Maisy is just about 4 months old and the biting is relentless. Redirection, physical activity, time outs, you name it we've done it. This isn't our first rodeo, but I was hoping it would be different. It is draining to say the least. She's a love when she wants to be and then the terrorist comes out. I've resorted to oven mitts and armor. Luckily, we don't get the growling or barking when her sharp little teeth appear. This too shall pass and can't wait!!


----------



## Jrsygrl (Aug 9, 2017)

Thank you for your post I feel better after reading it. My Quinn is almost 10 weeks old and I?ve had him for 2. These past 2 weeks have been overwhelming and stressful. Knowing that this phase is only temporary helps a lot .


----------



## MacandMe (Nov 17, 2017)

As human-mama to a 10 week old little land shark, I so appreciate this encouragement. 

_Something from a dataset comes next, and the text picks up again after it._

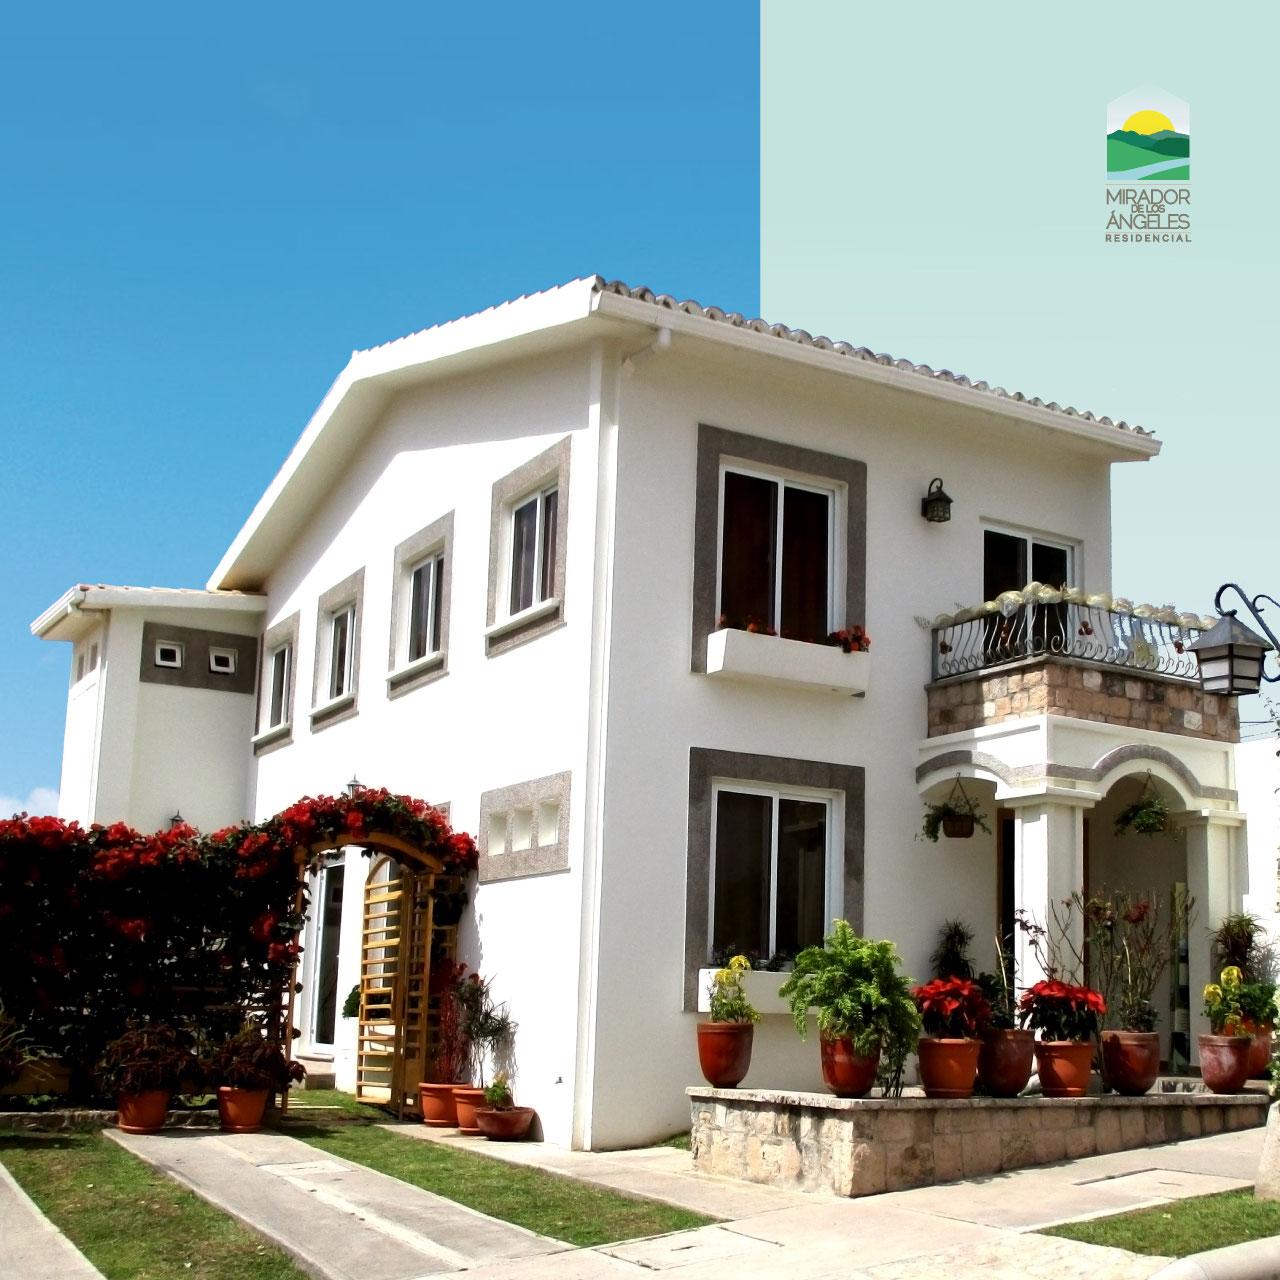 Modelos casas res mirador de los ngeles for Casa de dos plantas en honduras

With only a week down, I'm no where near an expert, but for Mac, when he gets that look in his eyes (you know, a little bit of crazy mixed with hyper puppy "let's play my way") and he starts biting on our clothes and hands, we first try to redirect with a rope, Kong or toy. Sometimes it works. Sometimes there is just no way and he keeps coming at us (you can almost hear the theme to JAWS playing). I calmly pick him up and place him in his crate (which is located in the family room near us). He whines a bit, then settles down. Once he's settled and quiet and laying down, I open the door. He usually comes out slowly...then goes over to his bed and busies himself with his toys. I think it's teaching him to calm himself...I hope. I'm sure we have a lot more "land sharking" to get through. Bless your heart for giving us all this ray of hope - ha! Good thing they are so cute


----------